YOUR ASSIGNMENT ->
Word for word, copy the lines from the one with "簡潔な大腿オデュッセウスbojico オーガニック ワックス" to the last line of the data below, counting both, and keep every picture out.

SUPPLIED INFORMATION ->
══════════════════════════════

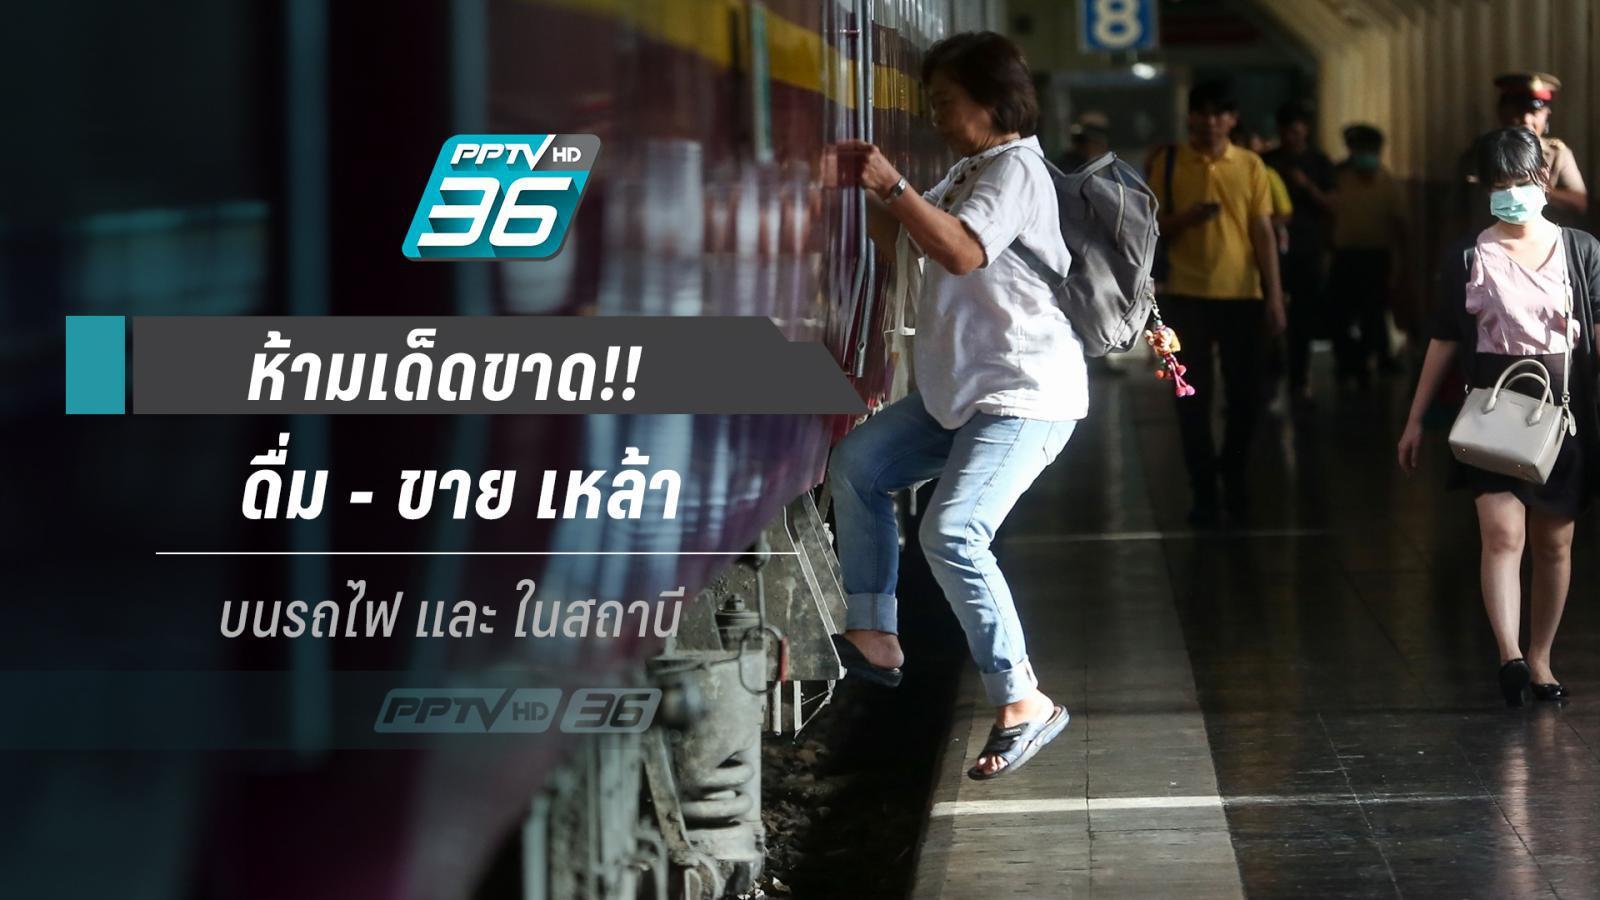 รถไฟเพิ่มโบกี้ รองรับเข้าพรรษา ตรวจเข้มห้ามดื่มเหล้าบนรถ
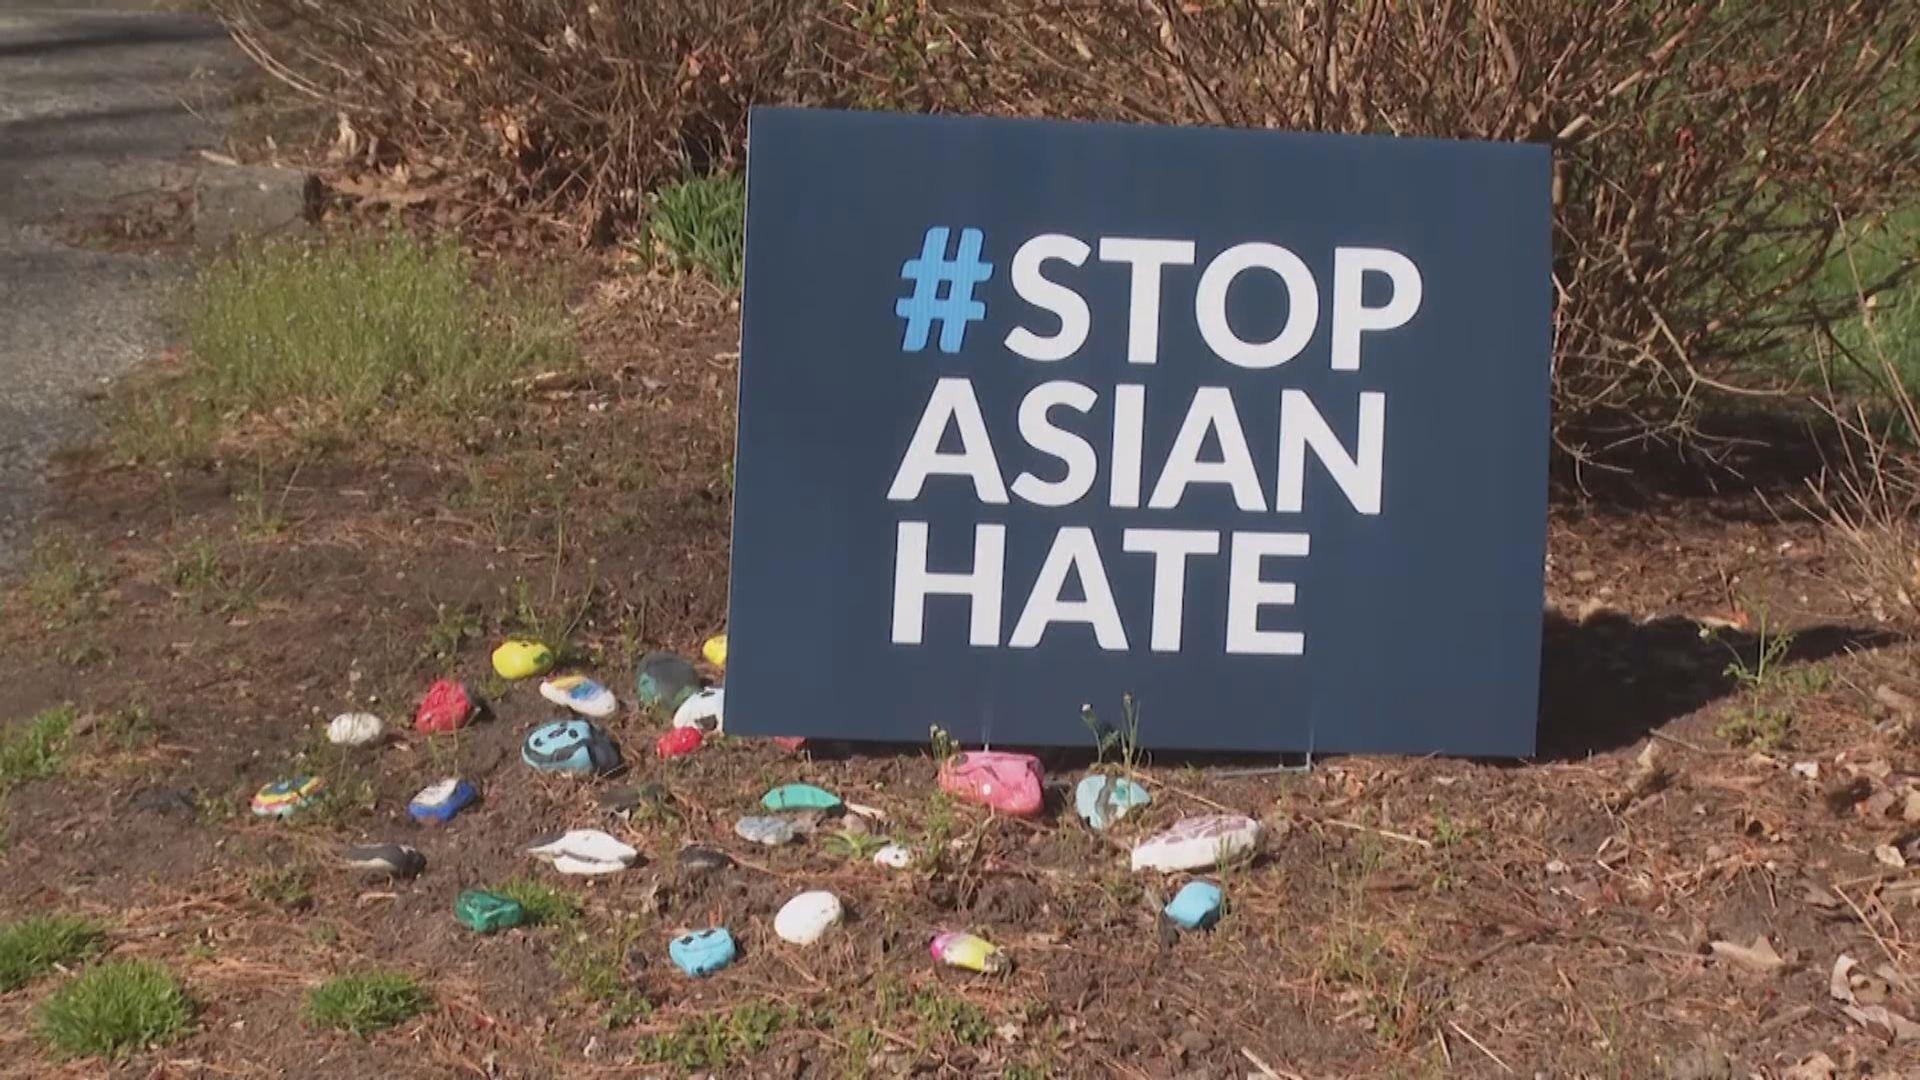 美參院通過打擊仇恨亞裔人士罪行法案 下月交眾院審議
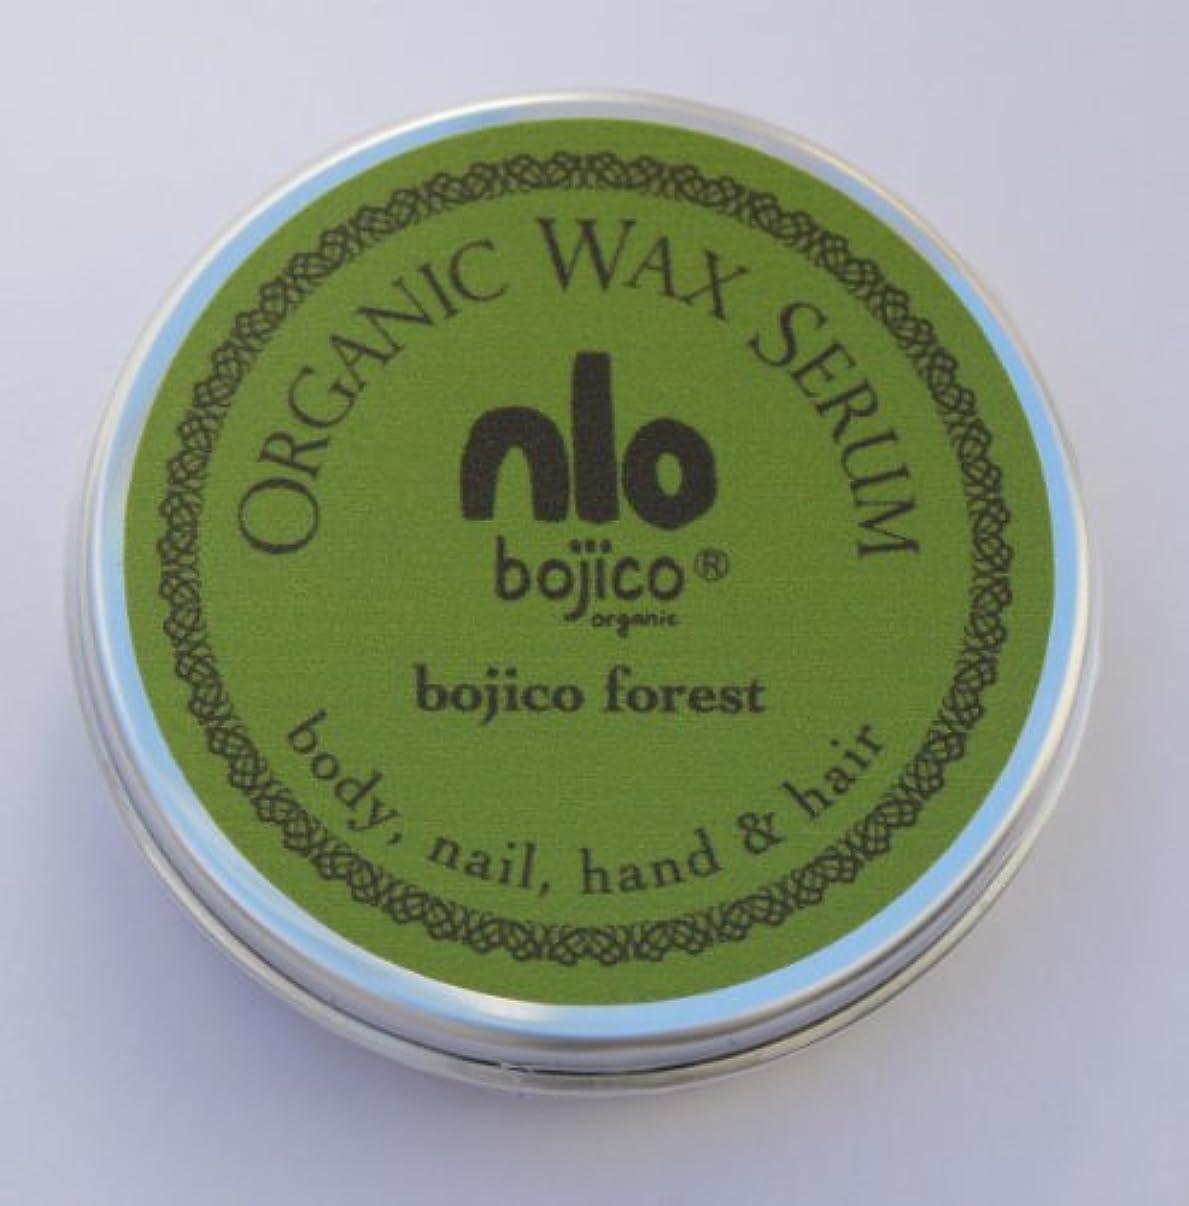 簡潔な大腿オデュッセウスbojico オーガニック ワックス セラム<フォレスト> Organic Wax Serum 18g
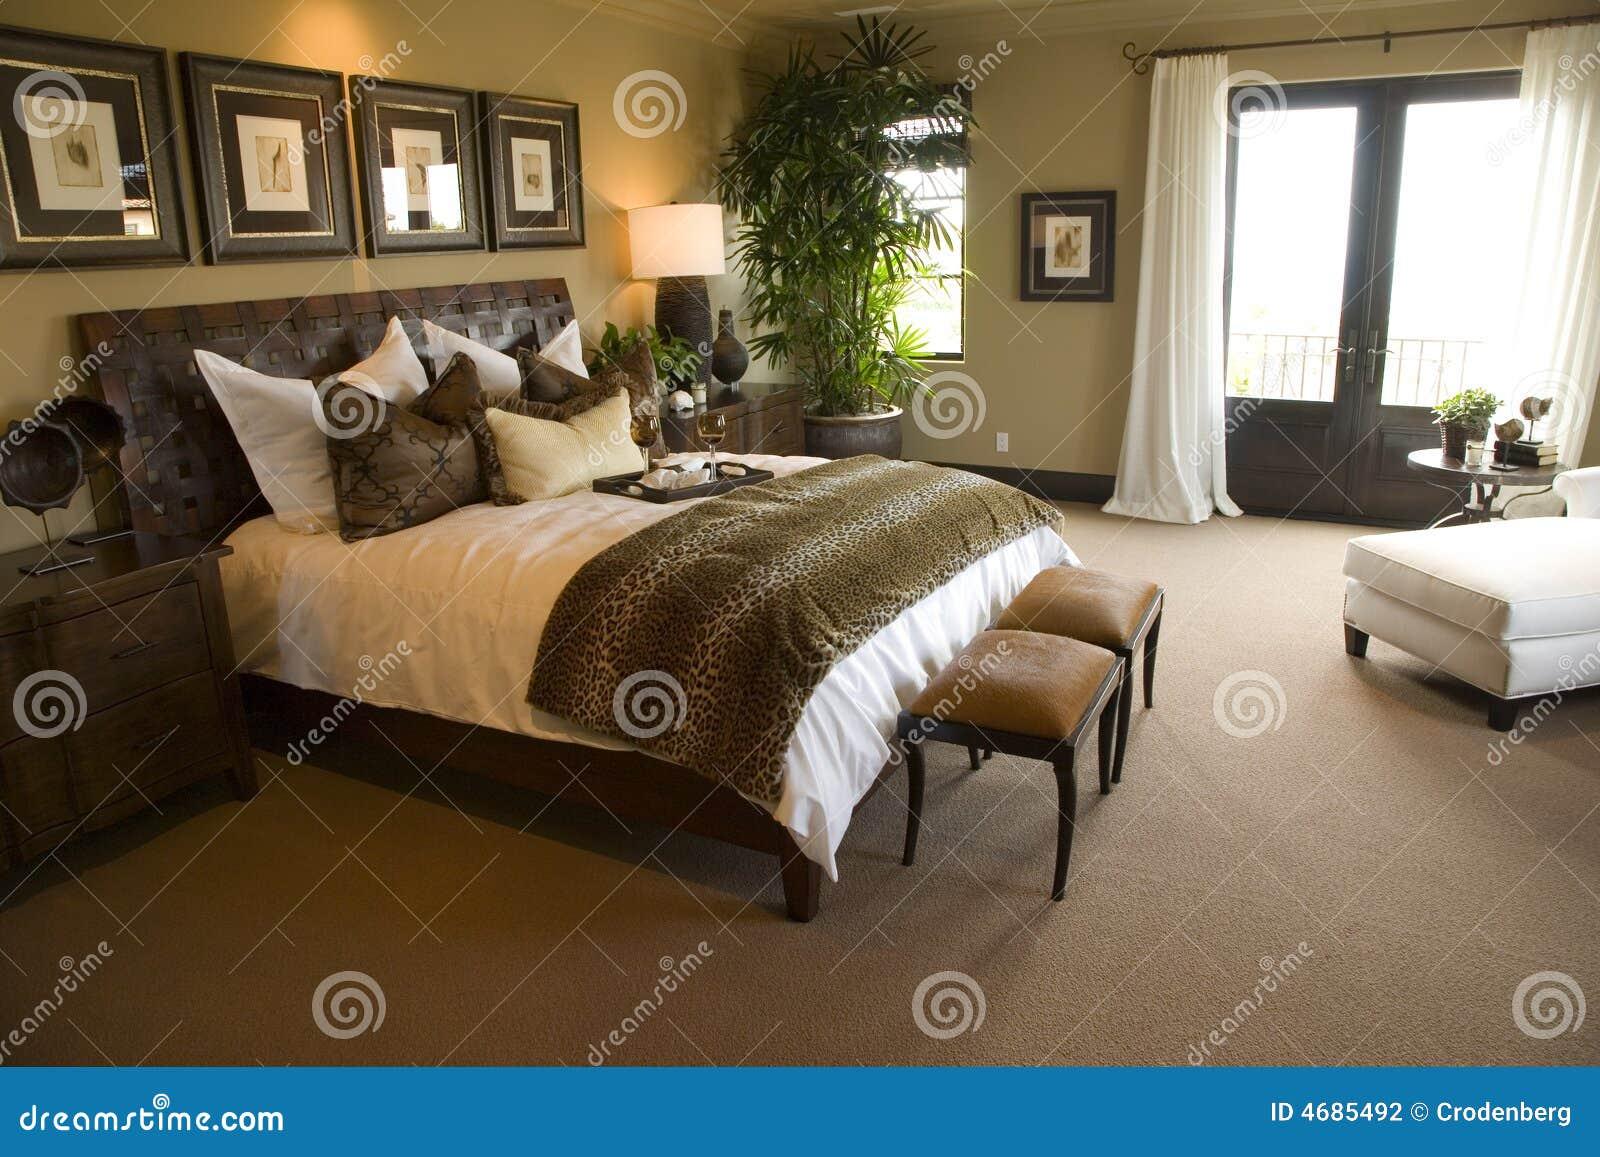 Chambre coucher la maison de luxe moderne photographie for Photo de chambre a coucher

══════════════════════════════

RESULT OF THE TASK ->
 簡潔な大腿オデュッセウスbojico オーガニック ワックス セラム<フォレスト> Organic Wax Serum 18g
 Chambre coucher la maison de luxe moderne photographie for Photo de chambre a coucher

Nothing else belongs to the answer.